Mapping tree species fractions in temperate mixed forests using Sentinel-2 time series and synthetically mixed training data
David Klehr, Johannes Stoffels, Andreas Hill, Vu-Dong Pham, Sebastian van der Linden, David Frantz
Abstract
Monitoring and mapping of forest stands, including tree species composition can support forest protection and management. Sentinel-2 imagery provide a viable data source due to their high spectral, temporal, and spatial resolution. However, especially in temperate mixed forests challenges with tree species classification persist, mainly due to the high mixing ratio of tree species, which cannot be fully resolved even with the 10 m resolution of Sentinel-2 data. Additional challenges are associated with the commonly low number of reference data for rare tree species, resulting in low classification accuracy for these species. This study proposes an approach to map sub-pixel tree species fractions in mixed temperate forests by combining dense annual multi-spectral Sentinel-2 time series to target differences between species in phenological relevant periods with synthetically mixed training data.
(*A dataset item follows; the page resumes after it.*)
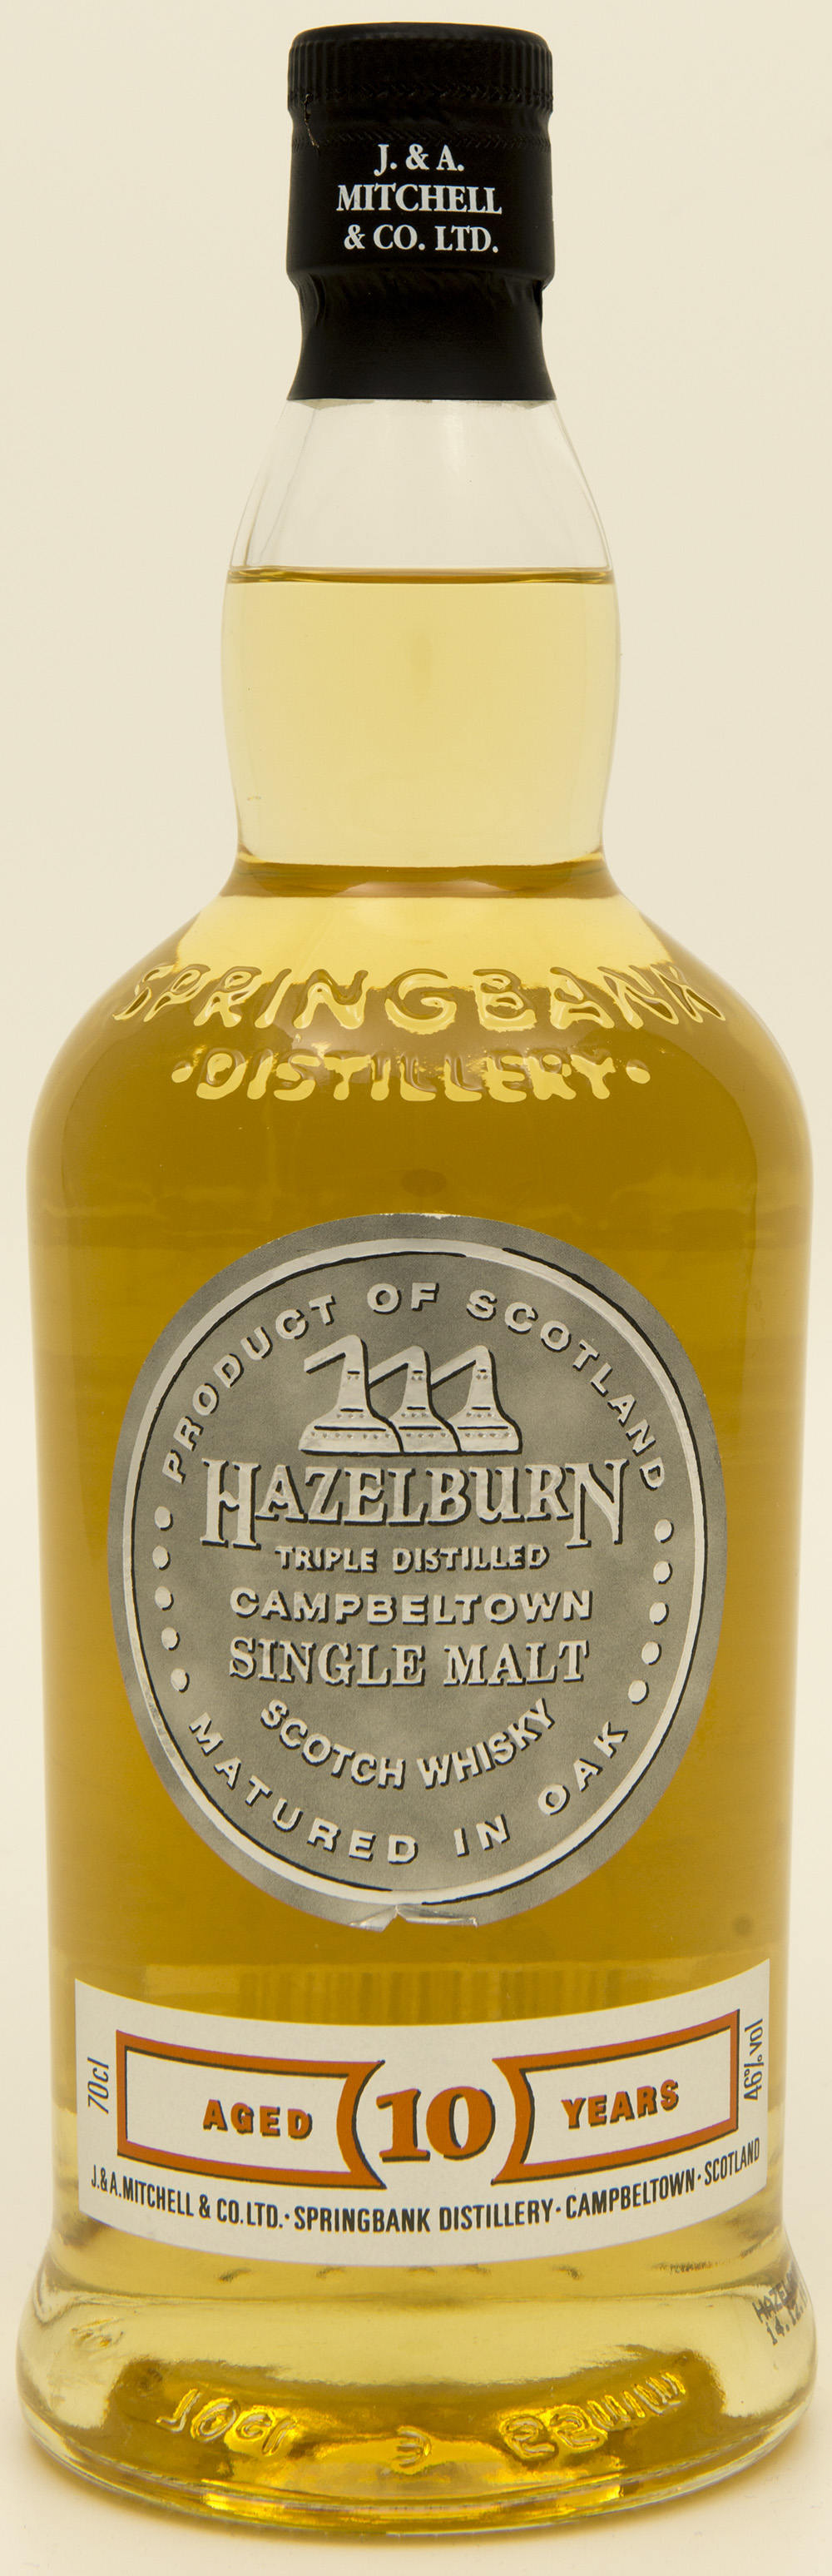 Billede: DSC_1305 - Hazelburn 10 - bottle front.jpg

This allows for a limited number of pure training samples per tree species, which serves as basis for randomized linear mixing to compute a synthetic spectral library. An artificial neural network is trained for regression for tree species fractions per pixel. To enhance model robustness and stabilize predictions, we implemented this library generation and artificial neural network regression as an ensemble approach. We effectively mapped tree species fractions for the federal state of Rhineland-Palatinate, Germany, with Mean Absolute Errors of 2.76% to 16.05% and R 2 values up to 0.92 – when validated against forest planning data. We show that the data augmentation through synthetic mixing allows for a sample size as small as 30 pure pixels per class, to sufficiently distinguish nine tree species and one ‘other species’ class, hence substantially increasing the operational potential for deployment when reference data for rare species are limited – while simultaneously generating accurate and information-rich tree species distributions over large areas of mixed forest.